### Goal of the exercise:
Every line of the listing is returned unchanged, and every picture is dropped.

[Collected data — start]

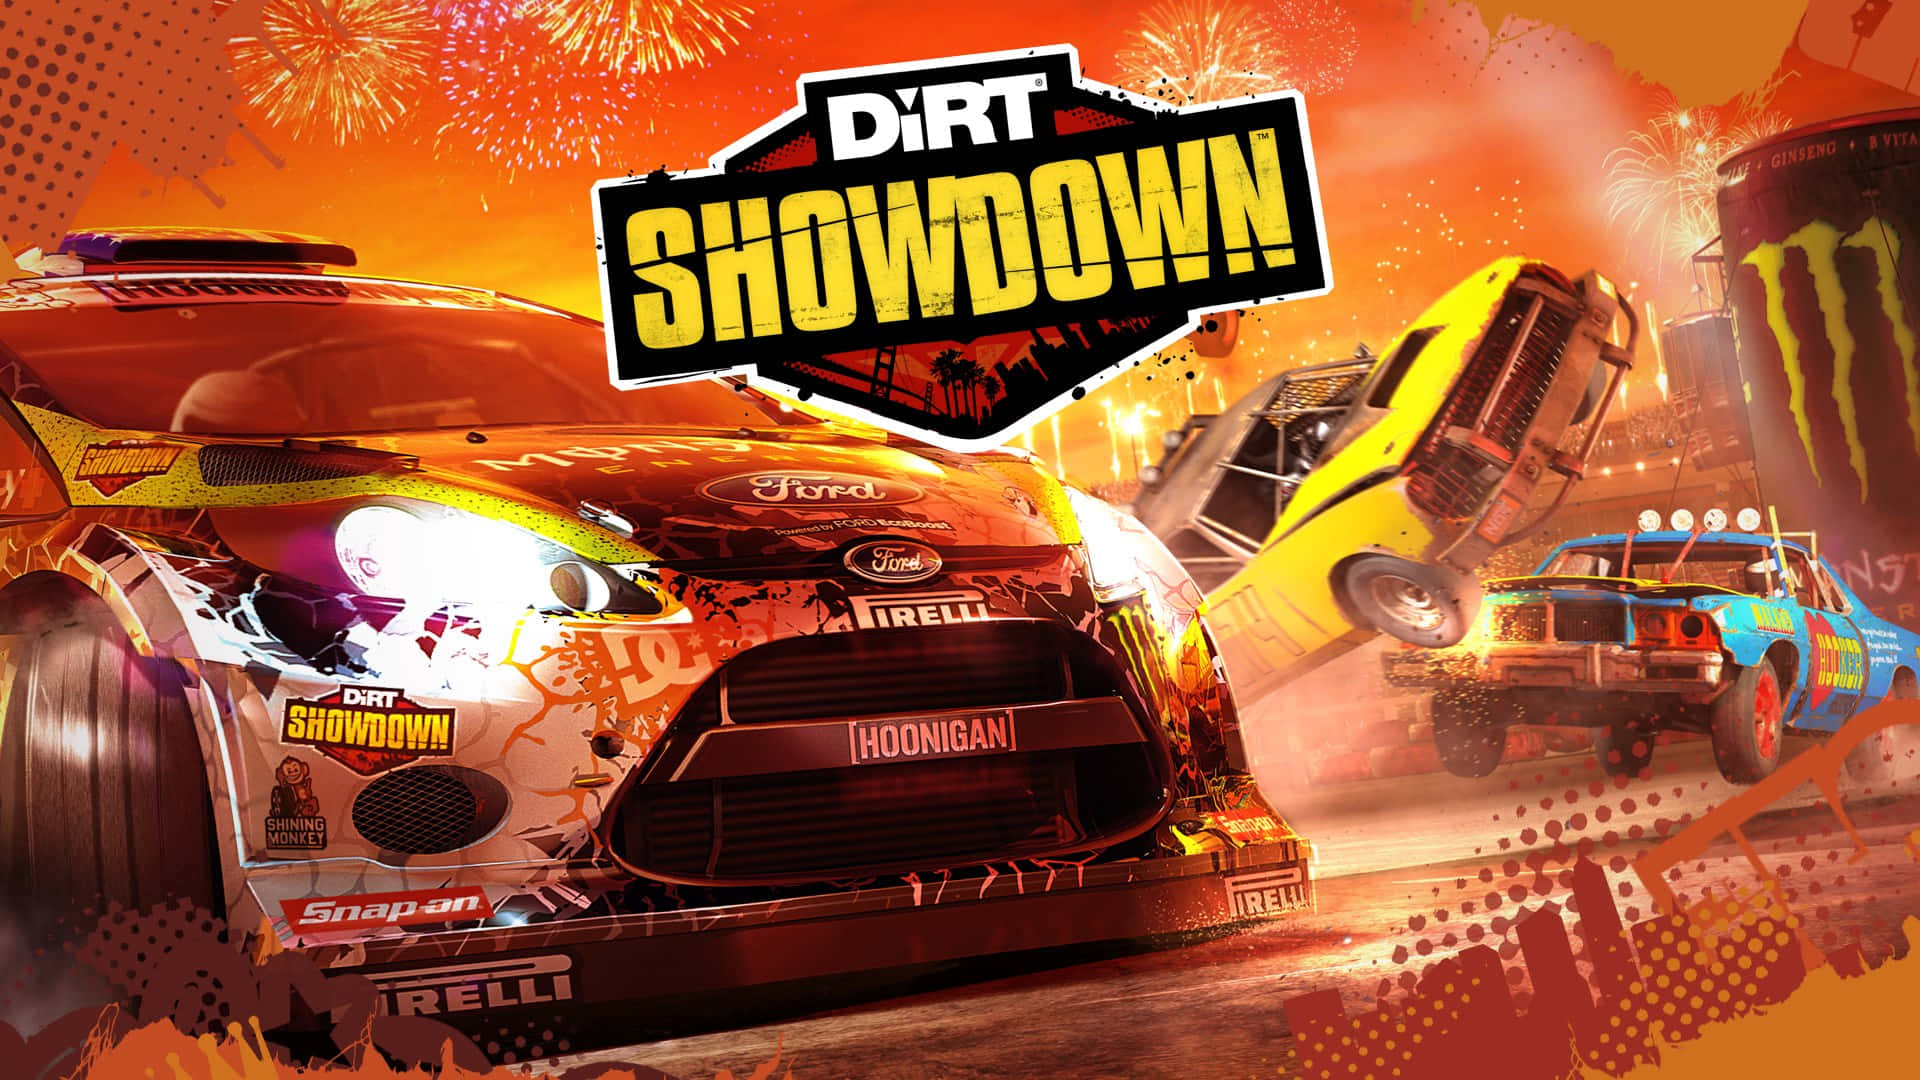 Hd Dirt Showdown Background Wallpaper
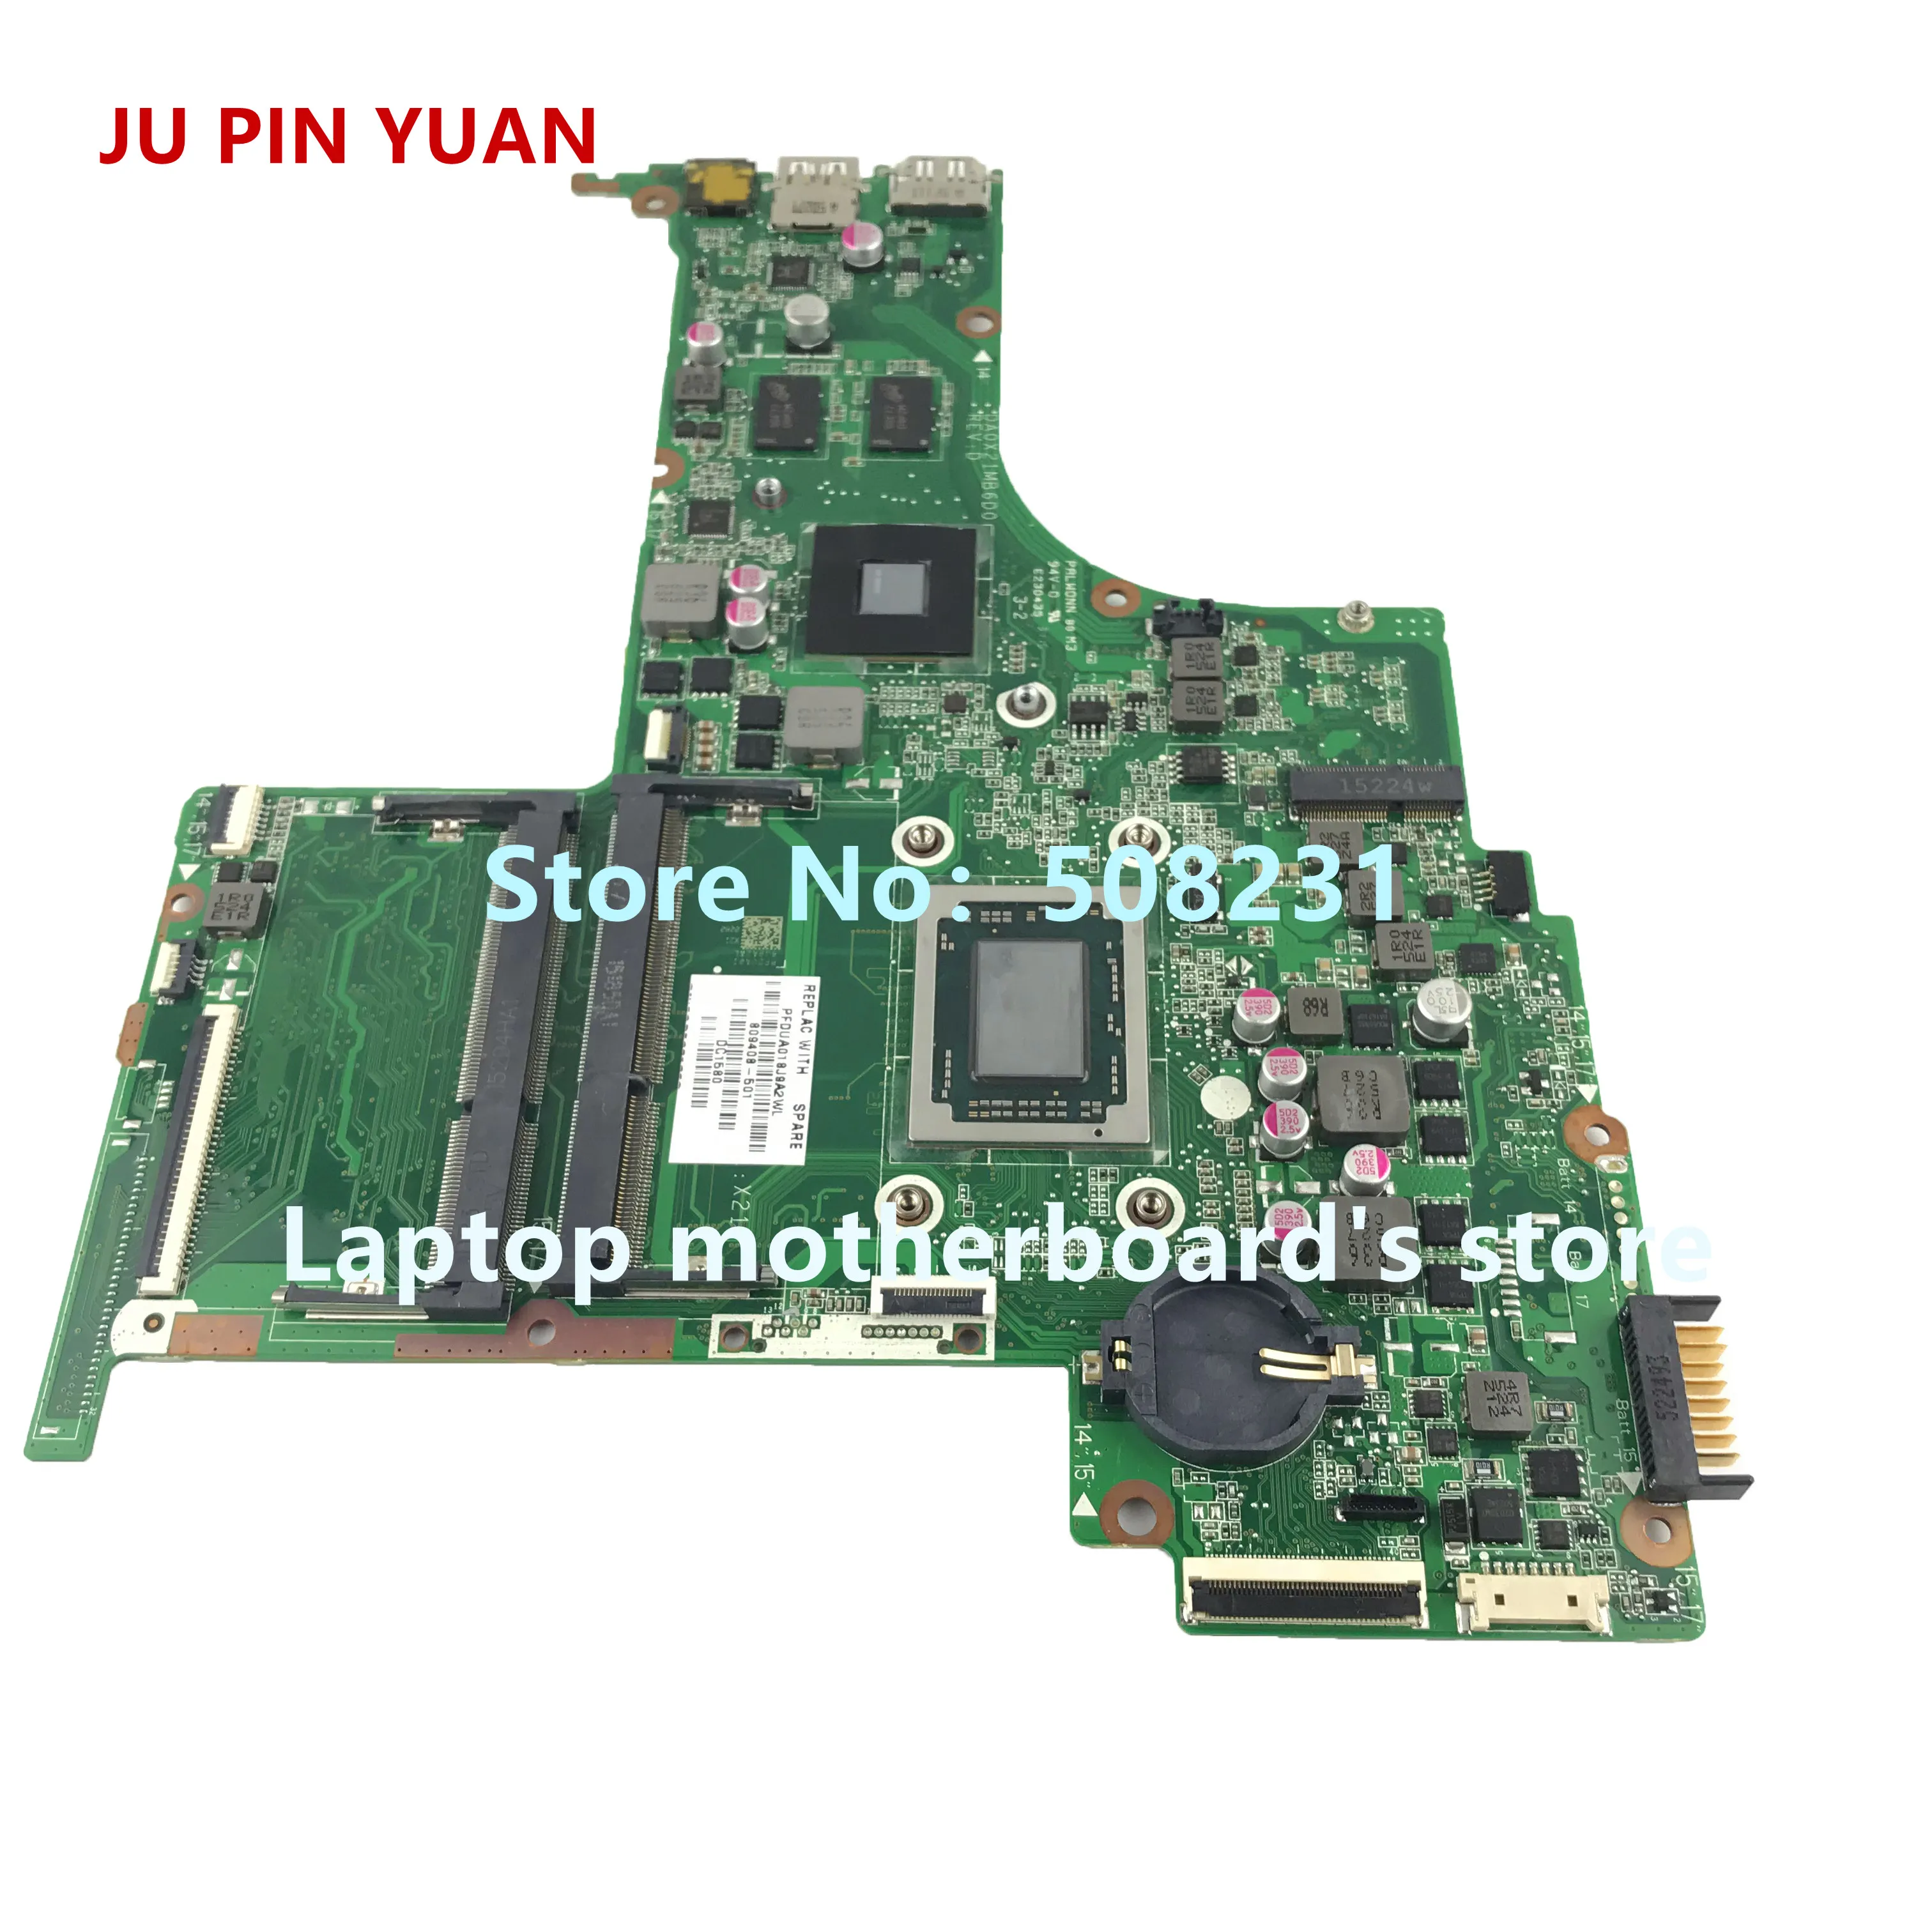 Ju pin yuan 809408-501 809408-601 809408-001 аккумулятор большой емкости DA0X21MB6D0 X21 для hp павильон 15-AB 15Z-AB материнская плата с R7M360 2 Гб A10-8700P
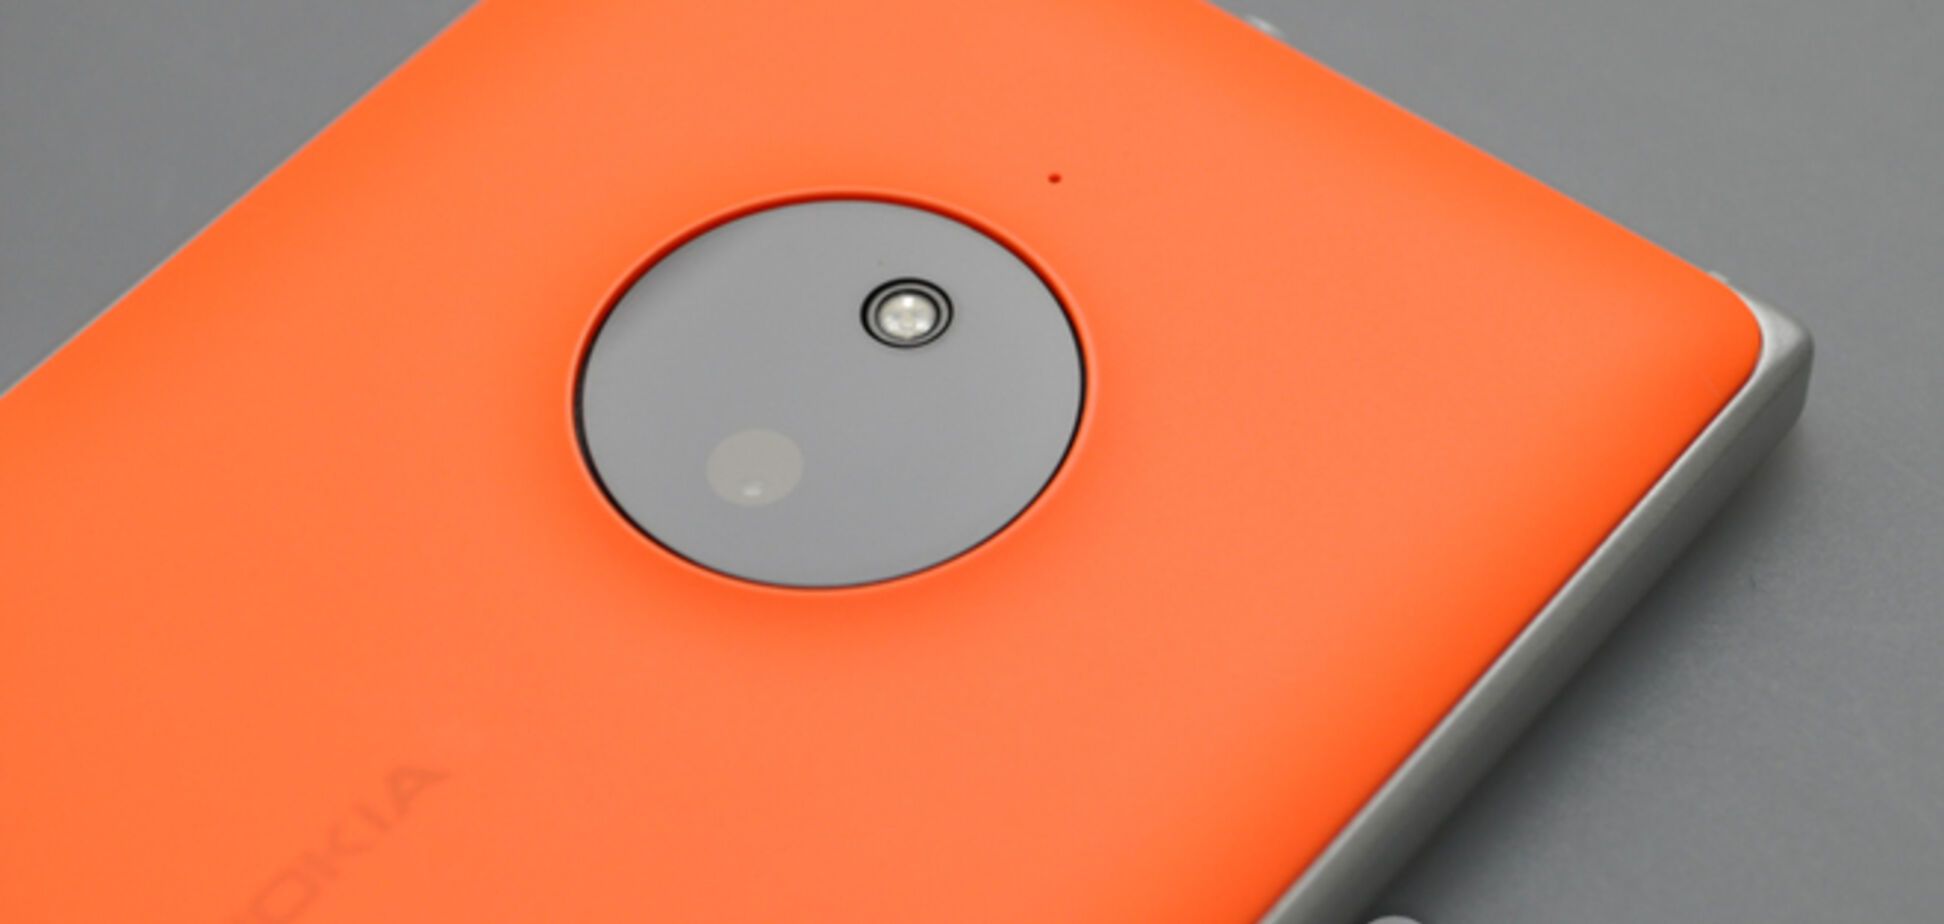 Обзор Nokia Lumia 830: смартфон, который флагман лишь наполовину
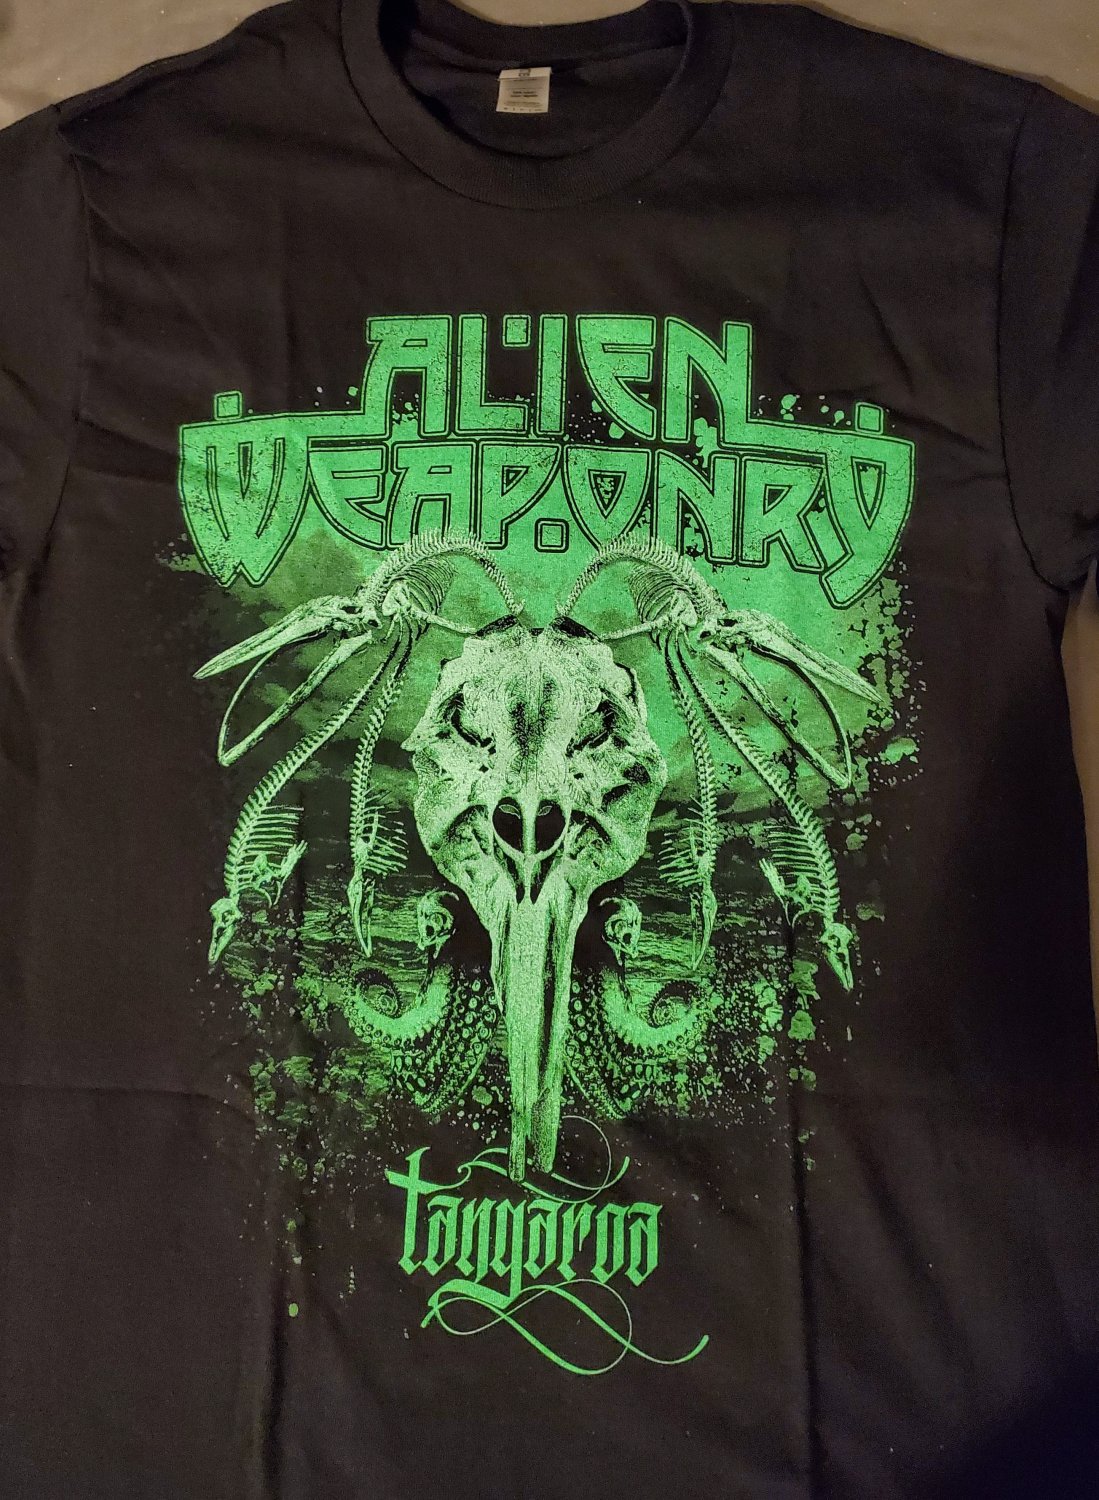 Alien weaponry t shirt tangaroa metal band tee sz small black

[Collected data — finish]

### Your response:
 Hd Dirt Showdown Background Wallpaper
 Ju pin yuan 809408-501 809408-601 809408-001 аккумулятор большой емкости DA0X21MB6D0 X21 для hp павильон 15-AB 15Z-AB материнская плата с R7M360 2 Гб A10-8700P
 Обзор Nokia Lumia 830: смартфон, который флагман лишь наполовину
 Alien weaponry t shirt tangaroa metal band tee sz small black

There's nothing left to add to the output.